* [INSTRUCTIONS TO FOLLOW]:
Could you print exactly the lines of the listing below, starting at the line that has "SOREL Leder Stiefelette" and ending at the line that has "IdeAL Concrete Ceiling Lamp", and only those lines?

───── INFORMATION ─────

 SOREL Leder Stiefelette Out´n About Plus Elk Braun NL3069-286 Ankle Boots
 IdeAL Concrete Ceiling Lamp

─────
───── INFORMATION ─────

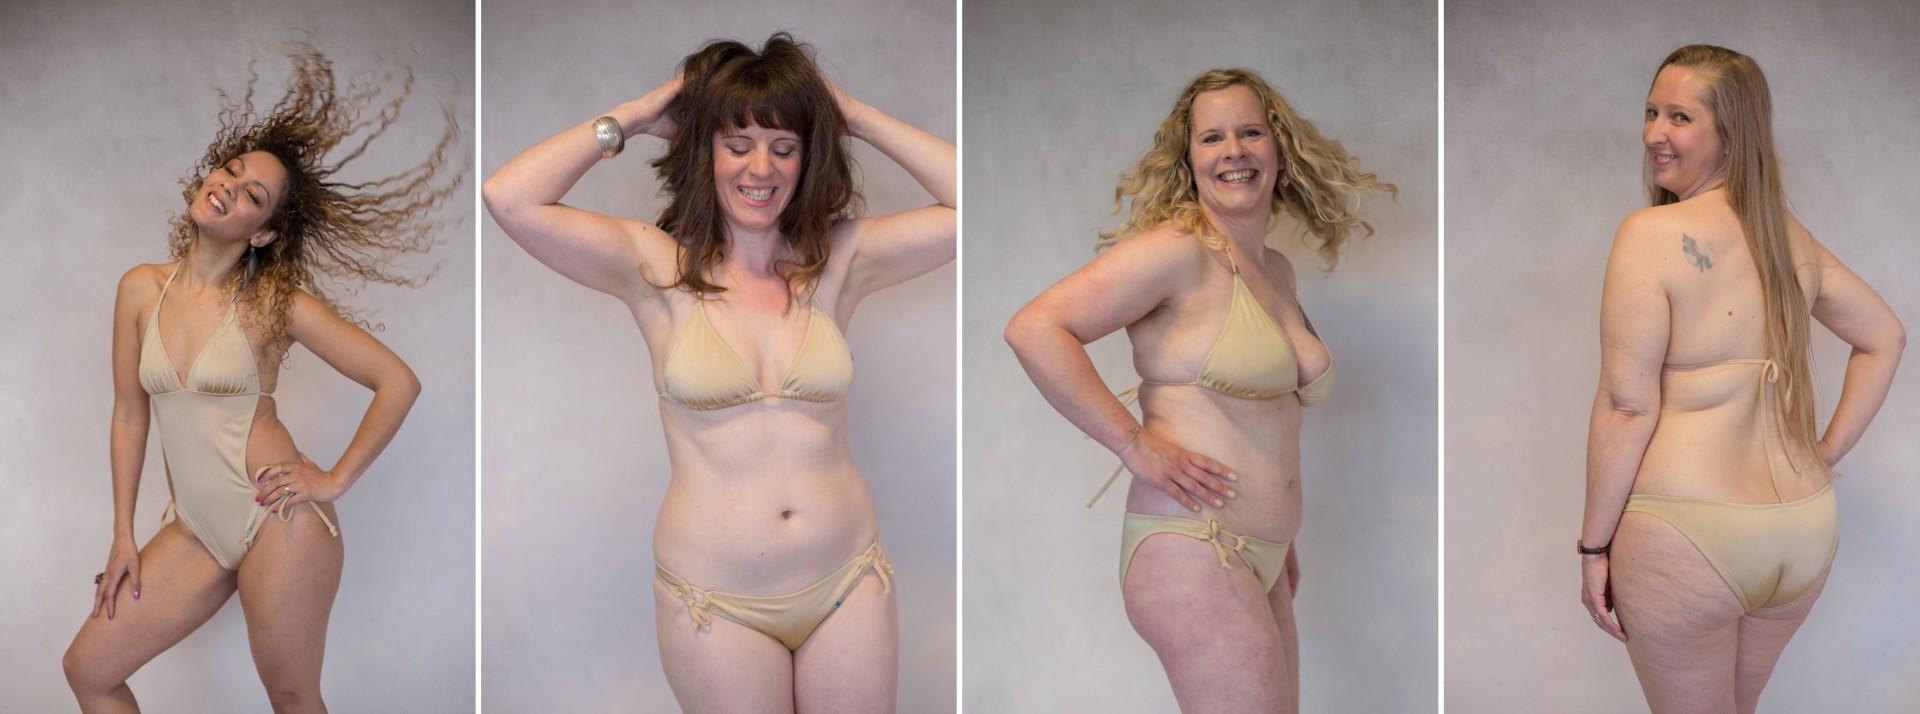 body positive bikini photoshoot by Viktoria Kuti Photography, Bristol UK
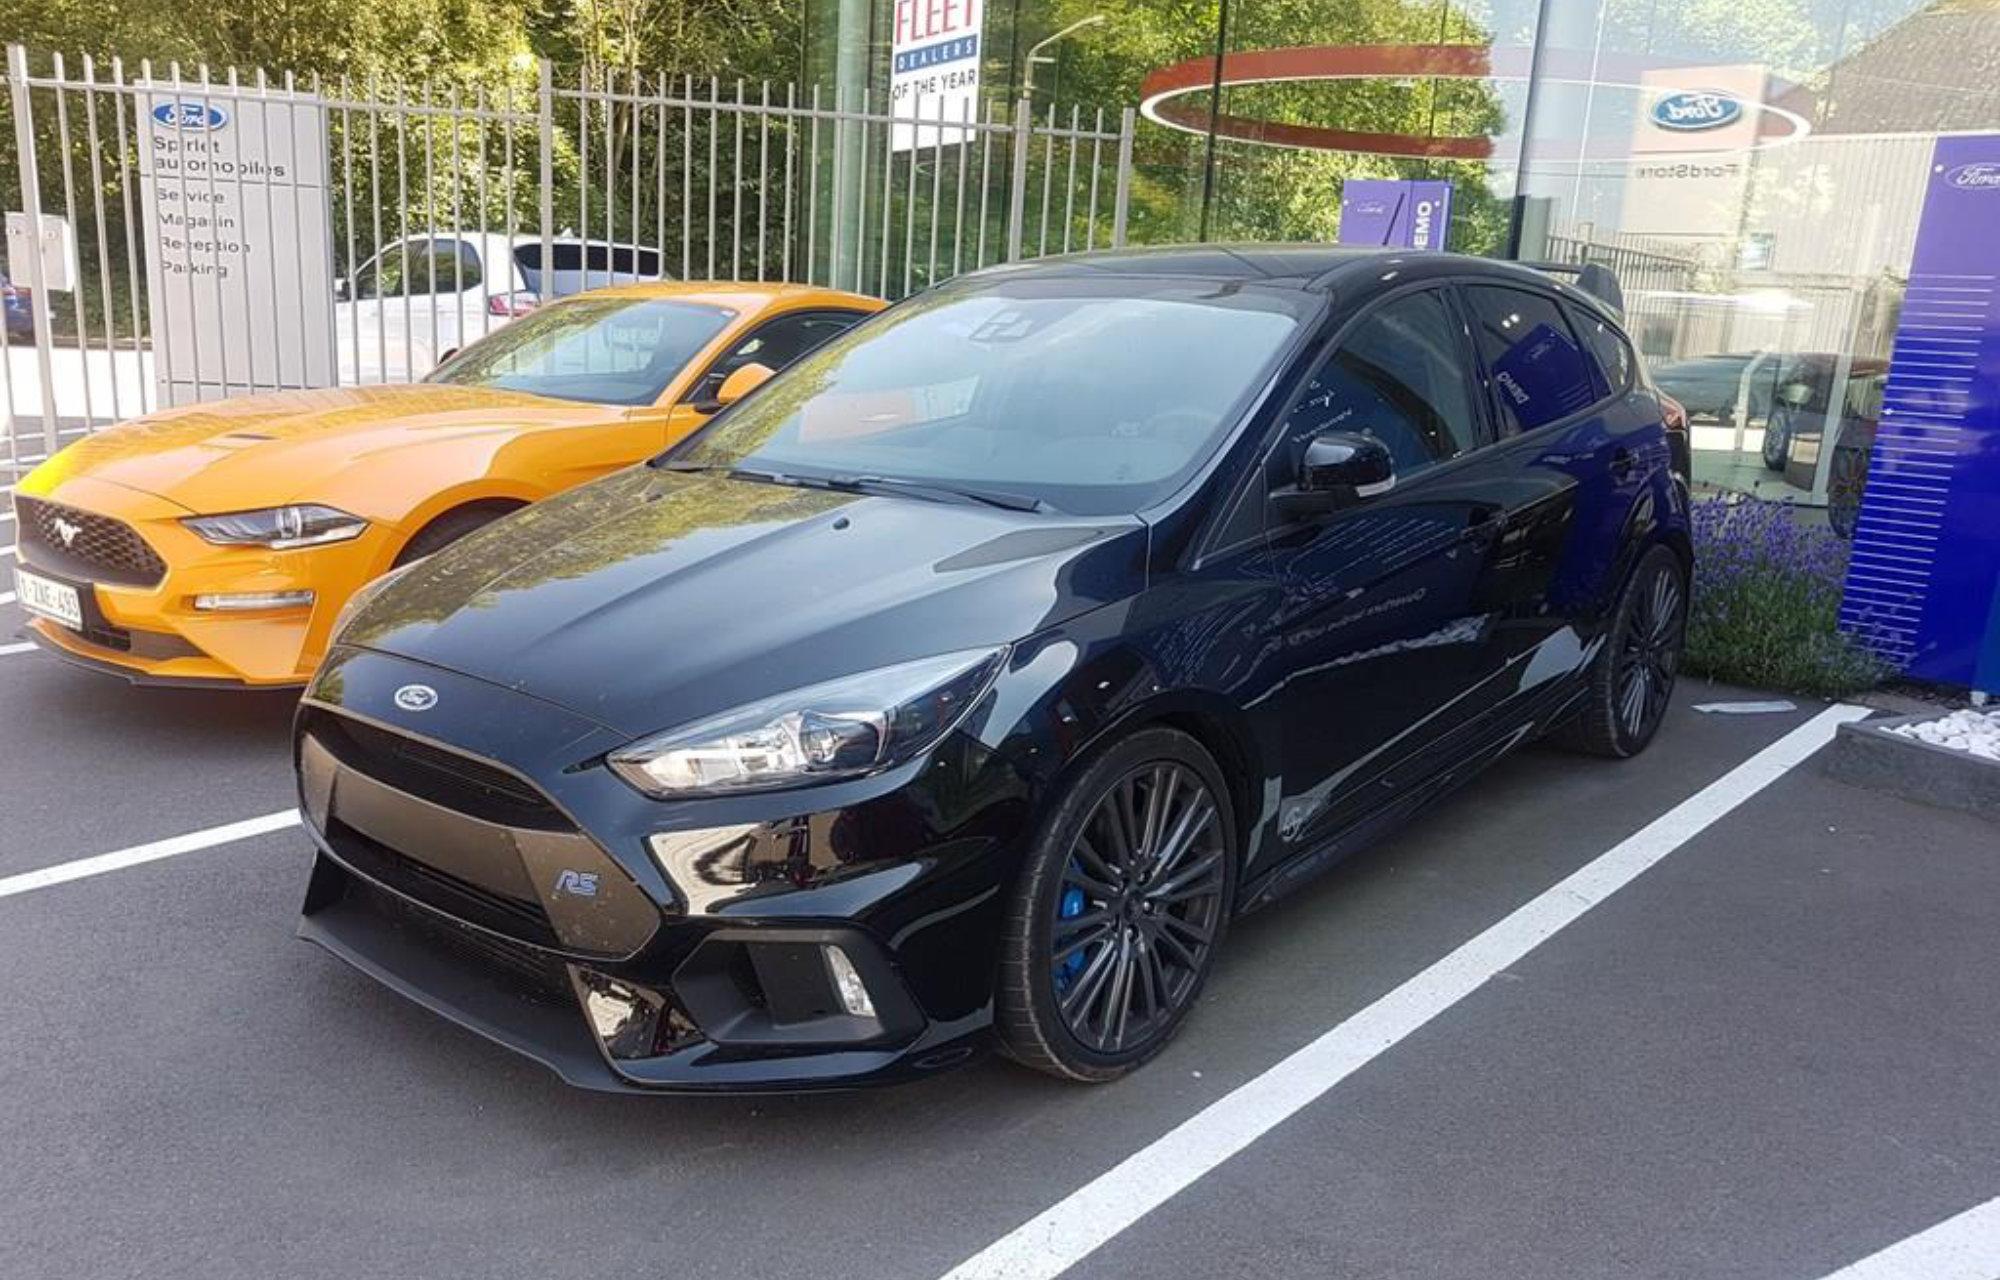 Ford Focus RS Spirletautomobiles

─────
───── INFORMATION ─────

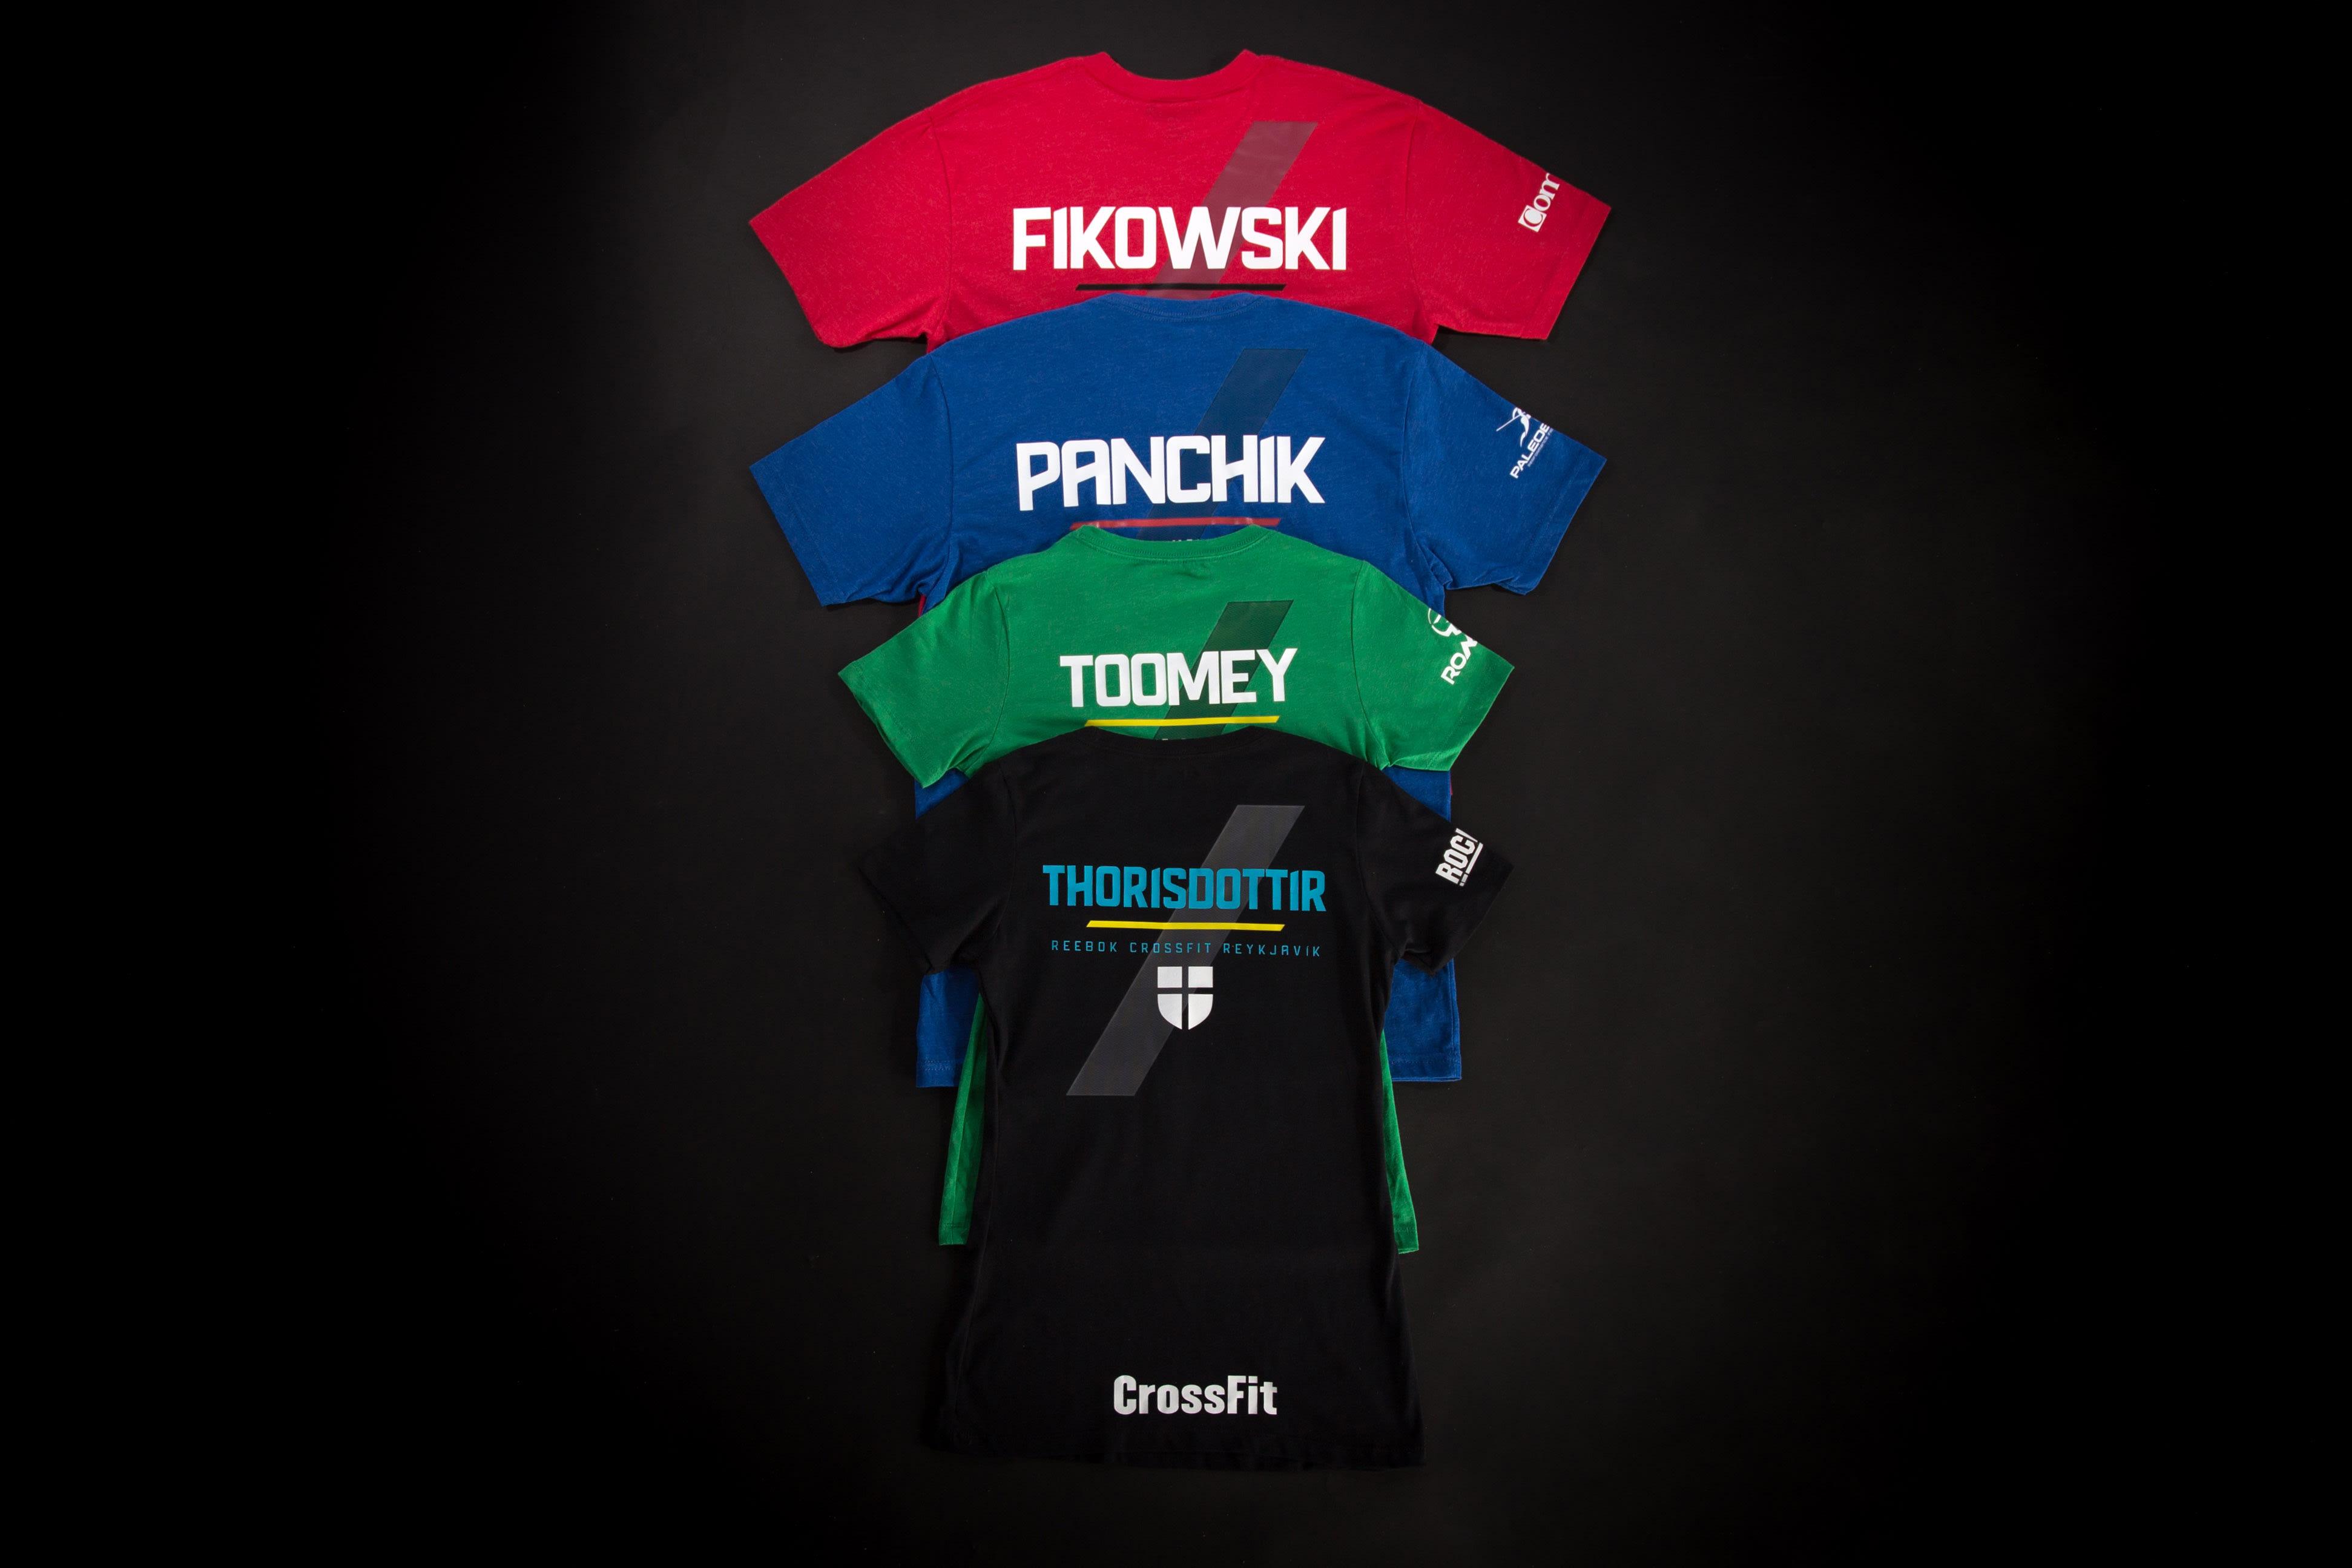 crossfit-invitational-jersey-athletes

─────

* [TASK ANSWER]:
 SOREL Leder Stiefelette Out´n About Plus Elk Braun NL3069-286 Ankle Boots
 IdeAL Concrete Ceiling Lamp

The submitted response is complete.